(WHAT YOU HAVE TO DO):
Which lines of the entries contain the word "Keramisches"? Please list them.

[Items from a dataset]
BEGIN
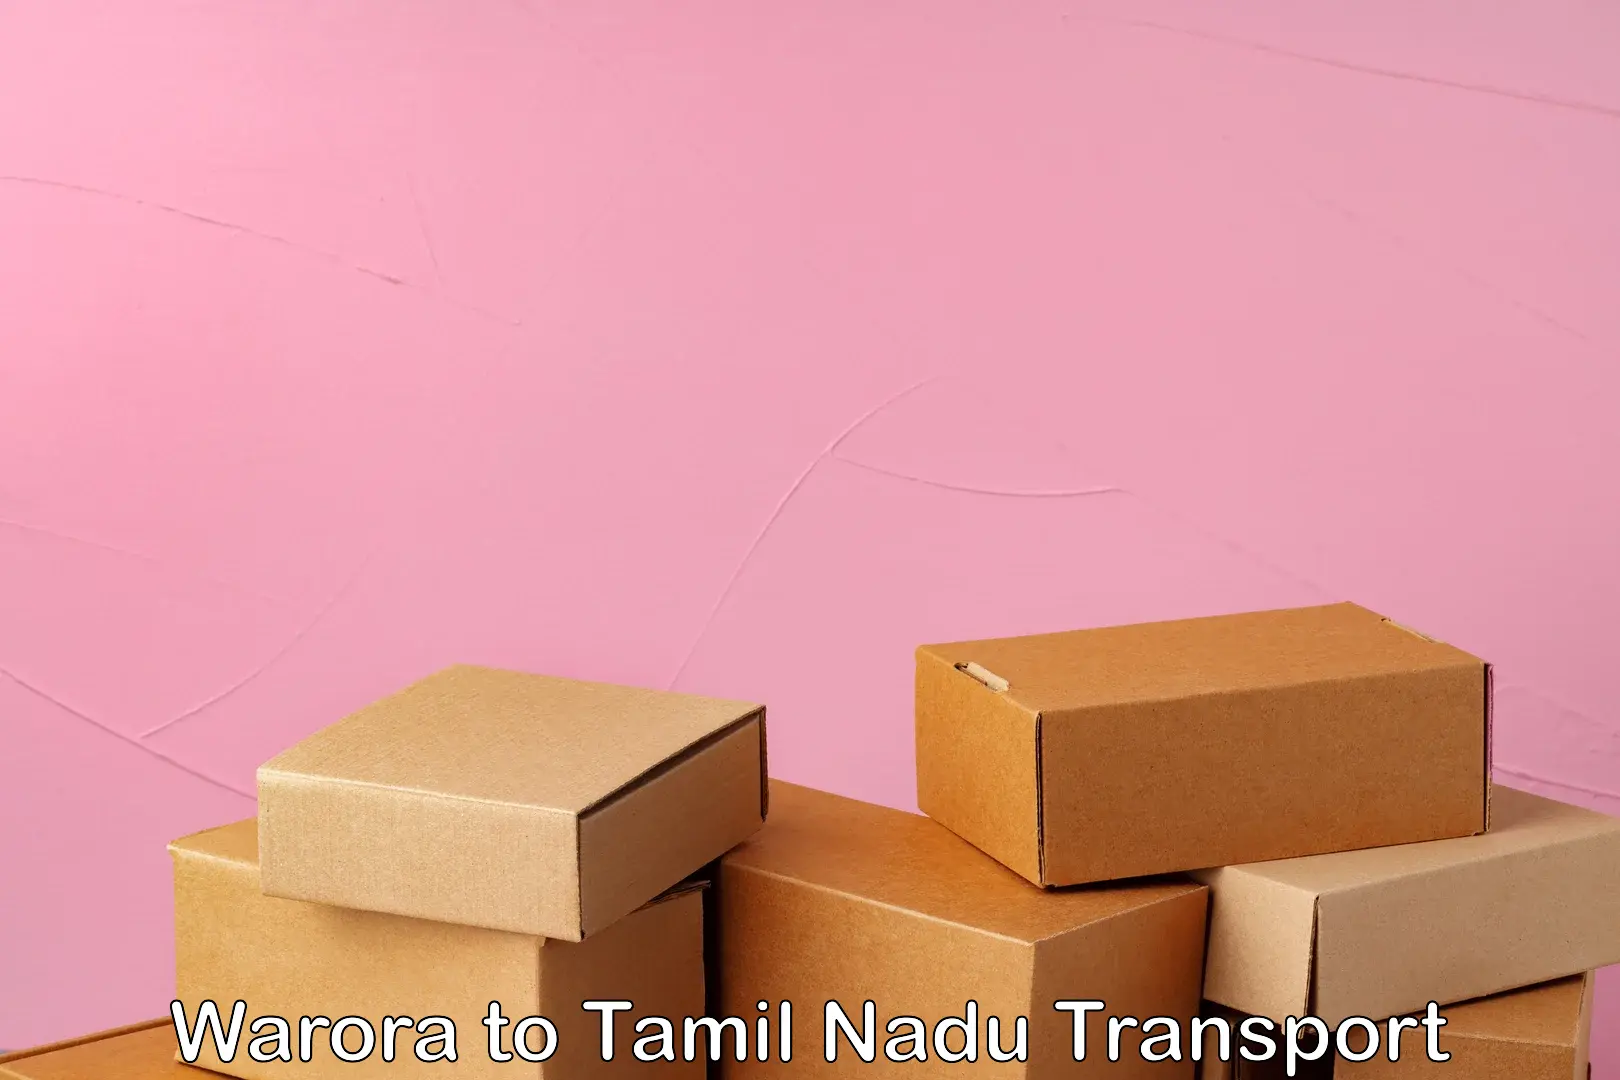 Transport shared services Warora to Tamil Nadu
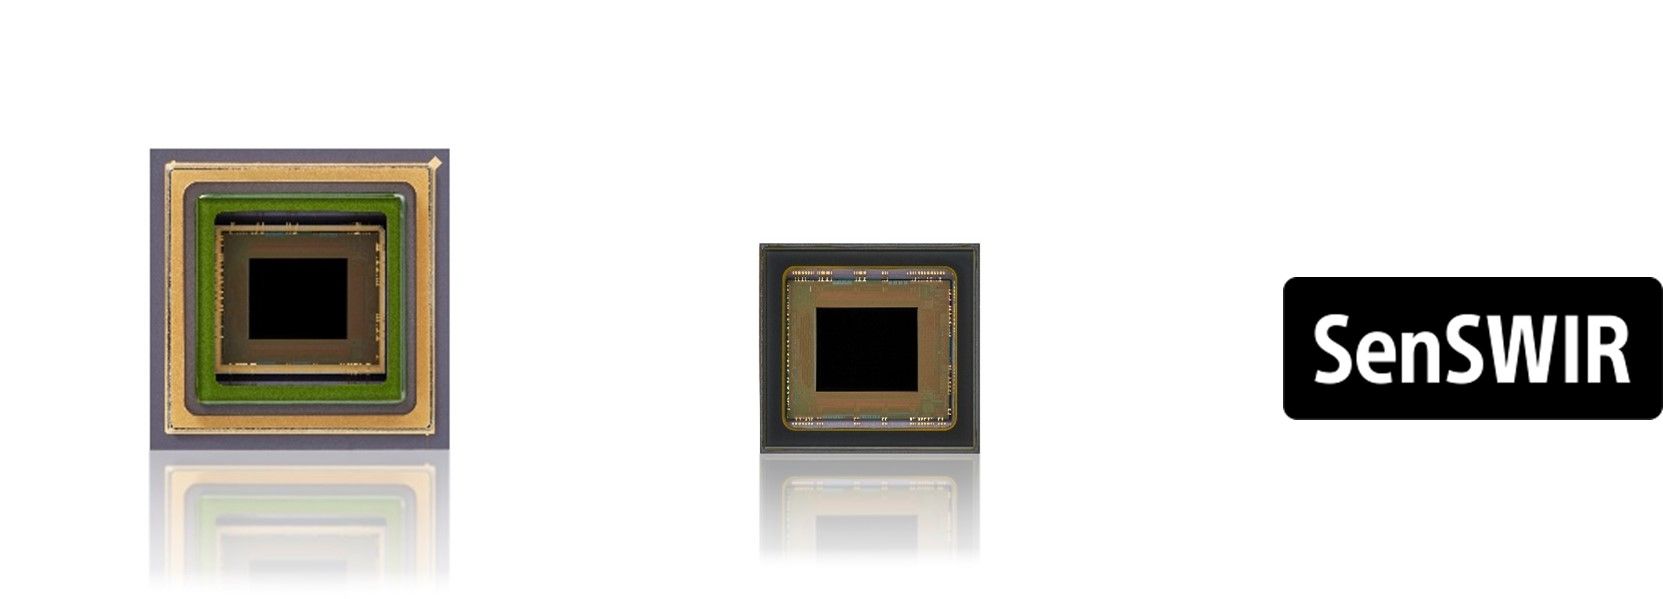 SWIR-Bildsensor IMX992
Links: Keramisches PGA-Gehäuse mit integrierter thermoelektrischer Kühlung
Rechts: Keramisches LGA-Gehäuse
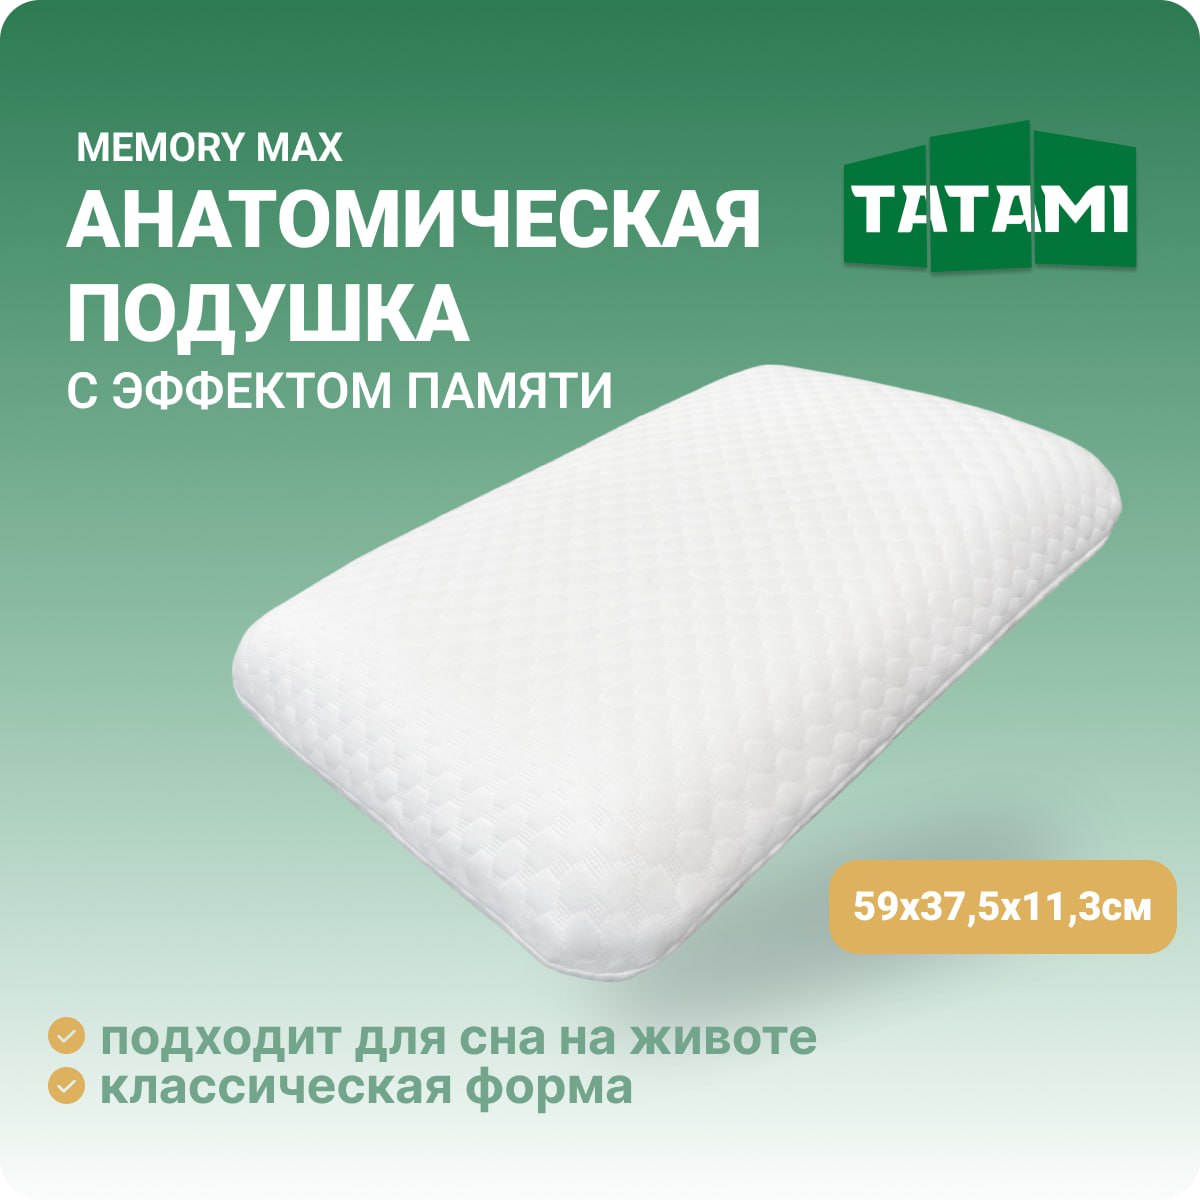 Ортопедическая подушка с эффектом памяти Tatami Memory Max 37.5x59 см, высота 11.3 см
END
(SOLVED PROBLEM):
Links: Keramisches PGA-Gehäuse mit integrierter thermoelektrischer Kühlung
Rechts: Keramisches LGA-Gehäuse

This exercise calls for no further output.